前回記事は市販のガラス容器(キュベット)を加熱するユニットを紹介しましたが、今回は容器そのものもオリジナルの「マイクロセル」です。
試料の液体をレーザーで光学分析する際、最近ではごく僅かな量で分析するニーズが増えており、指で摘むくらいに小さく仕立てました。底の白い枠がガラスヒーターユニットで、微量液体が入る容器をカバーガラスと樹脂蓋で固定します(ここでも3Dプリンタが大活躍!)。
この容器、本体は安い刷りガラスで作り、レーザー光が当たる面だけ光学分析用の特殊な専用ガラスにしています。
☆赤い矢印がレーザーの通り道
全部を専用ガラスで製作するよりずっと安価で、しかも接着せずに治具(写真の黒い樹脂クリップ)で固定しているだけなので、汚れたり割れたりしても簡単に交換できます。
レーザー光が当たる面に導電膜を蒸着してガラスヒーターにしたら、ユニットをもっとコンパクトにできそうです。
これ、ガラスヒーター事業としては初めて特許出願しました。
ガラスヒーターの基本的な知財戦略は「見ても分からないもの」(導電膜の配合や蒸着方法など)はパテントにせず門外不出のノウハウにすることです。一方、応用製品は片っ端から展示会やブログで紹介して公知にしたり、または審査未請求で流れてしまった公知の技術を使います。

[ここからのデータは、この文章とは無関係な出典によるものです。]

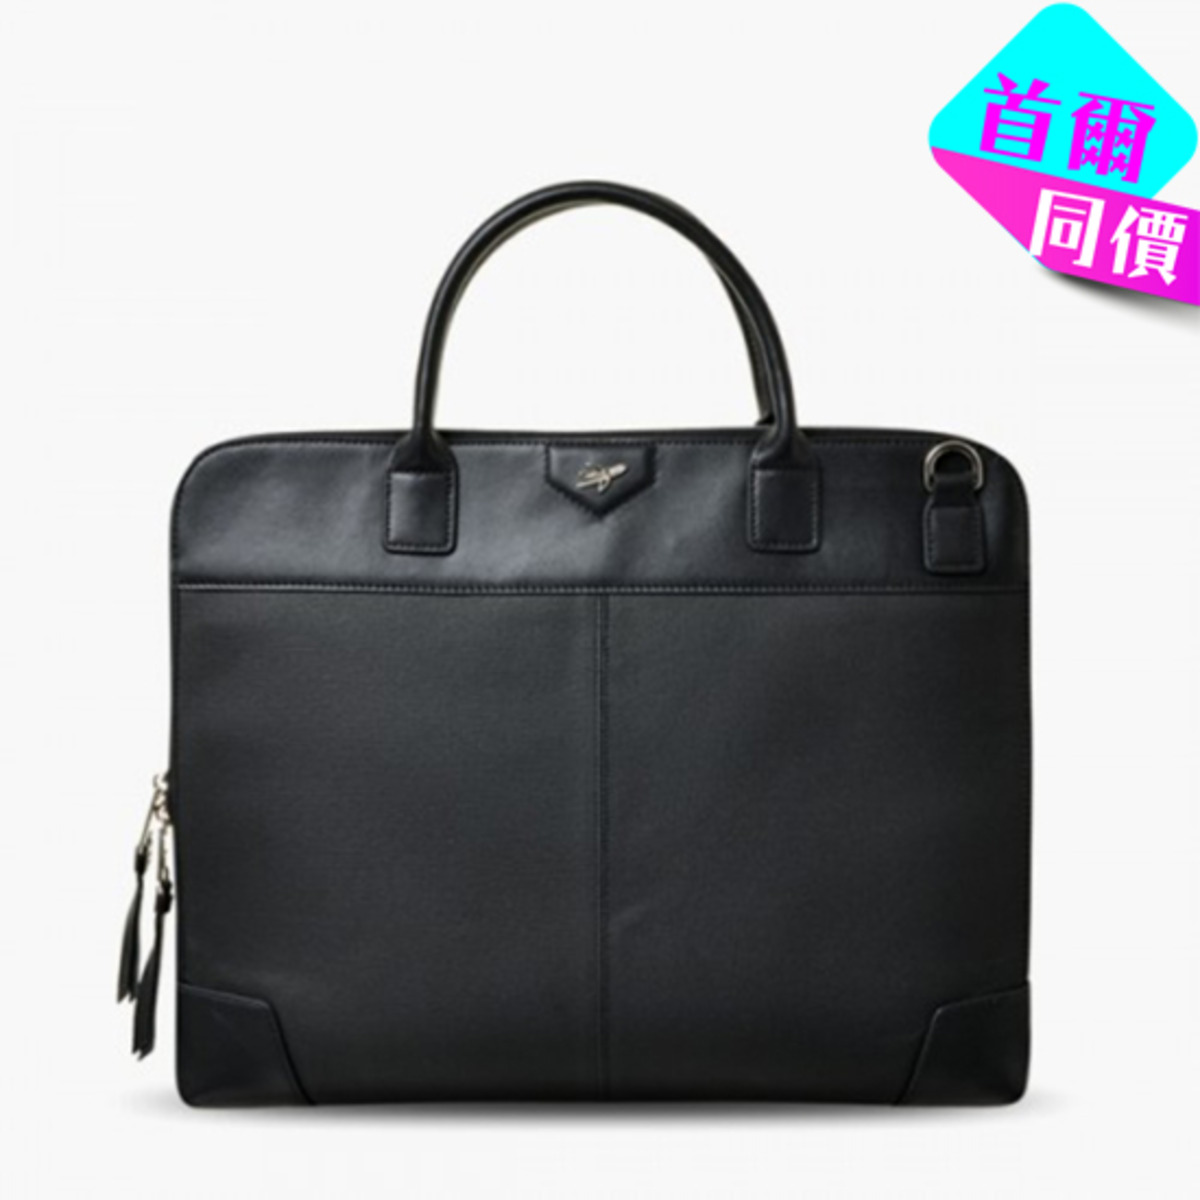 輕便商務公事包 (可手提/斜孭) (黑)_P00000EV

特許が無いのでマネされても文句言えないわけですが、マネしようにもガラスヒーターができなきゃ何にもなりません。こうやって敢えて特許にしないことで知財を守る道を選んできました。
しかしこのマイクロセルは「見たら分かるもの」で、しかもガラスヒーターとは別構成なので、ノウハウでは知財を守れません。これからいろいろな分析分野に売り込むにも出願だけはしておいたほうが良さそうなので、特許庁に出願しました。それでやっとこのたびのお披露目です。
事業が進むにつれ、事業方針も”進化”してくるのですね。